--- What you should do ---
Would you print the material exactly, starting at its first line and ending at the line holding "中原大學榮獲 中華民國通識教育學會通識榮譽獎章-典範通識學校獎"?

--- Material provided ---
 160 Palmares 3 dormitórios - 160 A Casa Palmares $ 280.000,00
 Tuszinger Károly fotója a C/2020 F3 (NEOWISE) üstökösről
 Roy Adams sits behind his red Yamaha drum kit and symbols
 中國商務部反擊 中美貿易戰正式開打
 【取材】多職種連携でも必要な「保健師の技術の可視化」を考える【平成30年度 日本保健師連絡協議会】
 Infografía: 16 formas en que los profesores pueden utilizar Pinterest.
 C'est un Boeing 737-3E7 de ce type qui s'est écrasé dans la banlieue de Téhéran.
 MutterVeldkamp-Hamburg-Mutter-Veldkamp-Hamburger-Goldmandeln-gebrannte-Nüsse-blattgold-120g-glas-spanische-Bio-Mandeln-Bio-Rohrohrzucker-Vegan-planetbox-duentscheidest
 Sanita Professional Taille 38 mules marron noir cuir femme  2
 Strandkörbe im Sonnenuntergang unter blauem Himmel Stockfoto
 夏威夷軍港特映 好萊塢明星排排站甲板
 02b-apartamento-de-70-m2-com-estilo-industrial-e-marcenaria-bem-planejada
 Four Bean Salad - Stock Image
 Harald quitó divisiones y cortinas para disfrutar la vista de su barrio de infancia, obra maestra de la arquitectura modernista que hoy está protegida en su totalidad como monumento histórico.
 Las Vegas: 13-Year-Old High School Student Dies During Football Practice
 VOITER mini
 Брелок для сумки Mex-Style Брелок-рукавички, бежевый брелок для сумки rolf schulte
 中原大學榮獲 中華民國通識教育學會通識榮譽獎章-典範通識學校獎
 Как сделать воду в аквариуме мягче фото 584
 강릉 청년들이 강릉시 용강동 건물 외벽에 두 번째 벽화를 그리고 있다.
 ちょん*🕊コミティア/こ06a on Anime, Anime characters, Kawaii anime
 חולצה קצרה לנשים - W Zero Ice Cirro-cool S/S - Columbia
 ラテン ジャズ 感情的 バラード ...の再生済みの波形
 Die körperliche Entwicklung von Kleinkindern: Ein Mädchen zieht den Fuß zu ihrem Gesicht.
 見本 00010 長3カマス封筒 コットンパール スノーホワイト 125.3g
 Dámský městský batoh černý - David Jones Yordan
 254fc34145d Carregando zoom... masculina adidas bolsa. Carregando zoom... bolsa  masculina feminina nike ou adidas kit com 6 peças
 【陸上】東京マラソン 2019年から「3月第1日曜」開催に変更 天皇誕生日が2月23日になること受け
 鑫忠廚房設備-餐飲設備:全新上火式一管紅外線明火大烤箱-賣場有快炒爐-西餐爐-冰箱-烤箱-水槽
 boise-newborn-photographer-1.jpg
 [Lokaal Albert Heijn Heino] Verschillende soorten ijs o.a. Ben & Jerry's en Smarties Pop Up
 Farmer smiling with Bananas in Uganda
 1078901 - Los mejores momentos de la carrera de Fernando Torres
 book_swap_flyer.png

--- Result of this task ---
 160 Palmares 3 dormitórios - 160 A Casa Palmares $ 280.000,00
 Tuszinger Károly fotója a C/2020 F3 (NEOWISE) üstökösről
 Roy Adams sits behind his red Yamaha drum kit and symbols
 中國商務部反擊 中美貿易戰正式開打
 【取材】多職種連携でも必要な「保健師の技術の可視化」を考える【平成30年度 日本保健師連絡協議会】
 Infografía: 16 formas en que los profesores pueden utilizar Pinterest.
 C'est un Boeing 737-3E7 de ce type qui s'est écrasé dans la banlieue de Téhéran.
 MutterVeldkamp-Hamburg-Mutter-Veldkamp-Hamburger-Goldmandeln-gebrannte-Nüsse-blattgold-120g-glas-spanische-Bio-Mandeln-Bio-Rohrohrzucker-Vegan-planetbox-duentscheidest
 Sanita Professional Taille 38 mules marron noir cuir femme  2
 Strandkörbe im Sonnenuntergang unter blauem Himmel Stockfoto
 夏威夷軍港特映 好萊塢明星排排站甲板
 02b-apartamento-de-70-m2-com-estilo-industrial-e-marcenaria-bem-planejada
 Four Bean Salad - Stock Image
 Harald quitó divisiones y cortinas para disfrutar la vista de su barrio de infancia, obra maestra de la arquitectura modernista que hoy está protegida en su totalidad como monumento histórico.
 Las Vegas: 13-Year-Old High School Student Dies During Football Practice
 VOITER mini
 Брелок для сумки Mex-Style Брелок-рукавички, бежевый брелок для сумки rolf schulte
 中原大學榮獲 中華民國通識教育學會通識榮譽獎章-典範通識學校獎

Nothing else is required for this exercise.